Tuesday 23 October 2012

Canada's Sleeping Peasants

The Sleeping Peasants by Picasso. An accurate depiction of the
the everyday Canadian. 

Ladies and Gentlemen as many of you know I am a political person. Sometimes too much to function. Lately I have become less political. Why? Not because politics isn’t important to me anymore. No, I still feel it is one of the most important things to understand if you want to be a functioning adult. As a sidebar, I am often surprised to find how many of my compatriots and indeed, people I call my friends don’t have the slightest clue about how politics influences their lives. Some cannot even name who the current Prime Ministre is. It’s Stephen Harper by the way. Moreover  we are no longer friends. So pack up your idiocy and go. Lately, I have found my fascination with politics, especially Canadian politics, a bitter pill to swallow. There is a poison that permeates the practice now and I find myself emotionally vomiting every time I either watch the CBC or pick up my daily Star.

On the municipal level, the city is not even functioning. The council seems to have more similarities with a Battle Royalesque jungle arena where Adam Vaughan wields a broadsword and Karen Stintz cltuches a cross bow, while the Mayour has taken to cannibalism. The city council is made of series of ignorant prats that think if one wants to be a good politician, one must constantly assert his/hers opinion to the point of absurdity rather then over coming their differences to find compromise. Compromise is not possible when the folks that one represents are as navel gazing as the representative.

Provincially things are even more dire. The great nine year Premiere has felt himself too hot and pulled himself inexplicably out of a place of leadership. This should be a good thing, as he was a corrupt beast who had more ghosts then a British Mansion from a Bronte Novel. It is not. It seems he thought the Germans were invading and deployed a scorched earth policy worthy of Eastern Front Soviet tactics. He, for no reason other then the fact that he no longer wished to lead the Liberal minority government, prorogued Queen’s Park.
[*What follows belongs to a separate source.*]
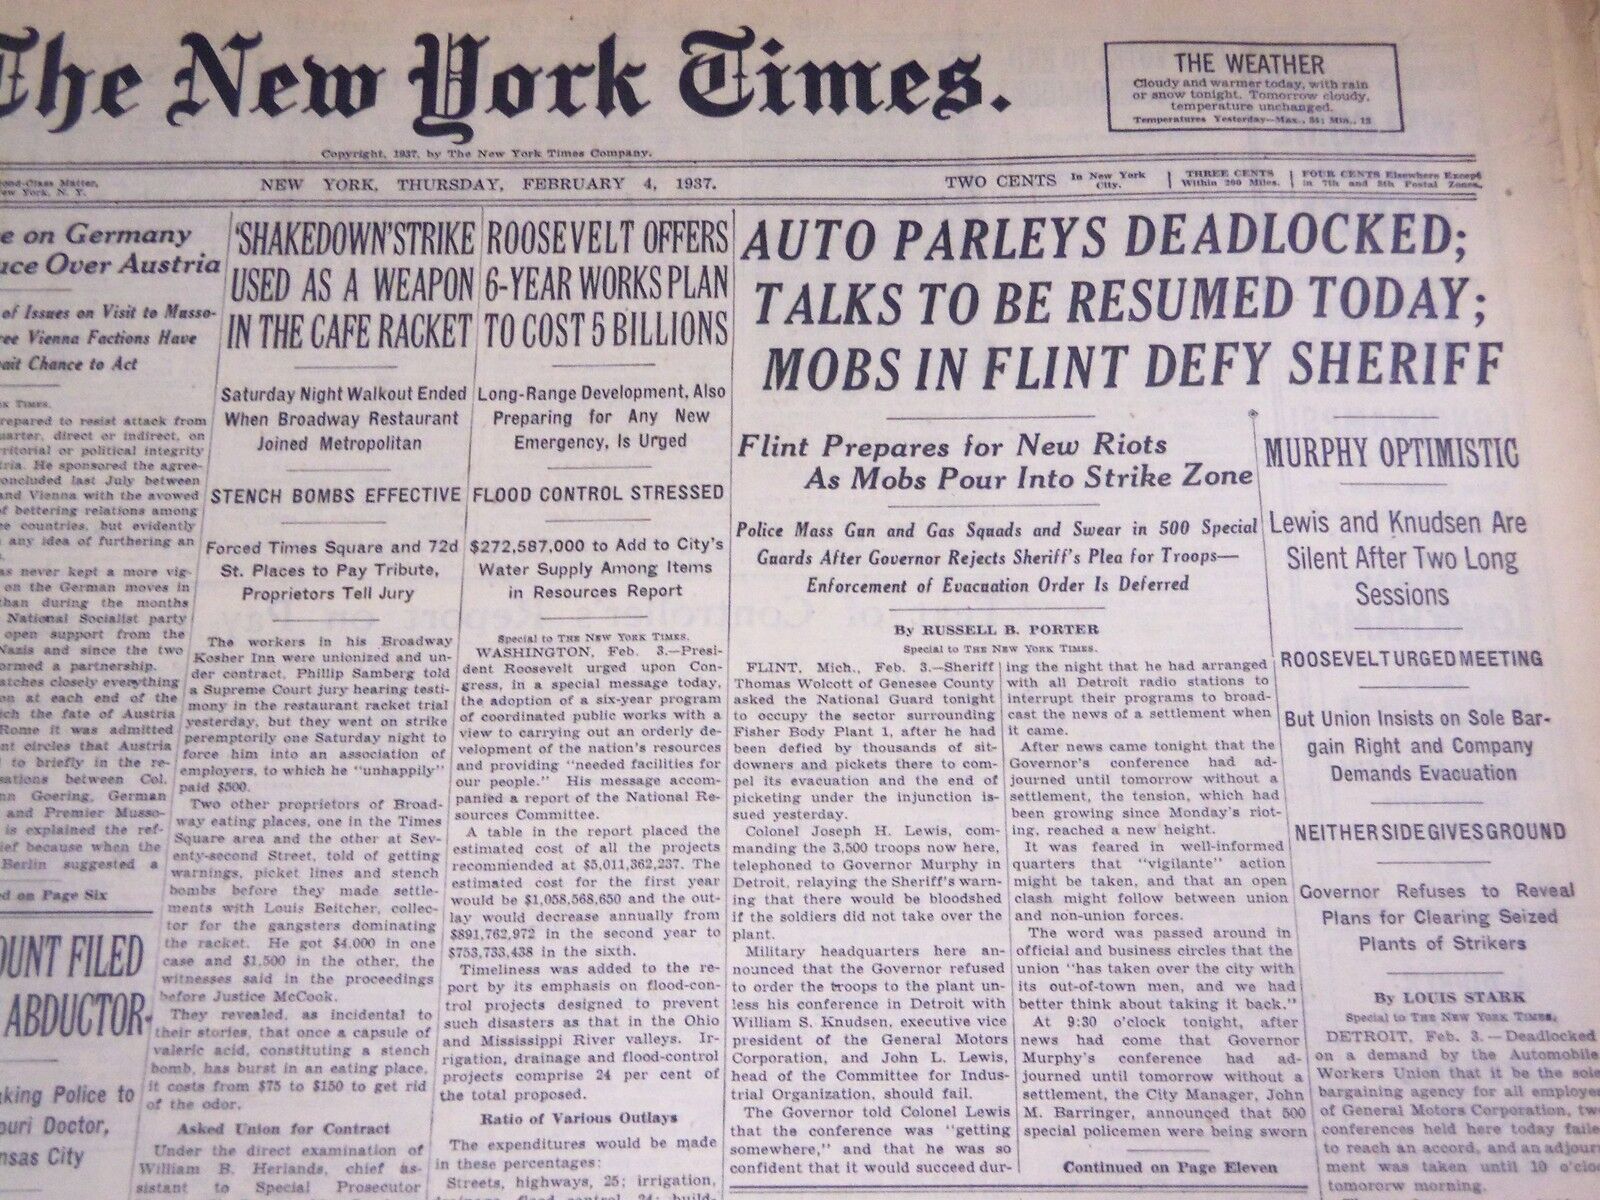 1937 FEB 4 NEW YORK TIMES - AUTO PARLEYS DEADLOCKED MOBS DEFY SHERIFF - NT 1289

For the uninitiated, that means stopped work for the entire government (Also why are you still reading? We are no longer friends. See first paragraph). How can this happen without widespread angry backlash in the streets? When Charles I prorogued the legislature in seventeenth century England, a ten year civil war ensued. Sure that is a bit of an over simplification of the actual event but I draw the comparison to emphasize how bad of a blow to democracy Premiere Dad’s move was. 

Premiere Dad took a page from the Feds, for Harper’s government showed Canada exactly how prorogation should be used by the corrupt politician. When you’ve misled Canada, stop parliament. I could go on for seven thousand words on the egregious poisons of the Feds, but I won’t do that. Just look up a great Canadian political commentator called Chantal Hebert. She can say it way better then I can ever hope too. 

Politicians are wronging me and all of us. We are wronging them. One of the major tenements of a functioning democracy is an informed voting pool and face it folks, we are uninformed. Why? It is because we spend, and myself is included in this, too much time looking at our own lives than at the collective good. The Dark Ages have been over for eight hundred years, we no longer need to focus all our energies on protecting ourselves and our livestock from marauding Nordic pirates. We can now look out for our neighbours. We are too busy bemoaning the loss the our beloved hockey teams or, more aptly in my case, a misperformed Shakespeare play, then holding our politicians to the fire of scrutiny. 

I am sure you are saying to me “Julian well this is the same old shit everyone gripes about: the uninitiated political voter. We can’t do anything.” 

You are right. 

That is the truth. 

How do we fix this? 

I am not sure. I have no conclusions. I have nothing to offer and this is why I have trouble following what was once for me, an every day interest. I look at Canada and I see corrupted leaders and a population of sleeping peasants. Perhaps the Dark Ages have returned.... Best get the livestock into the barn.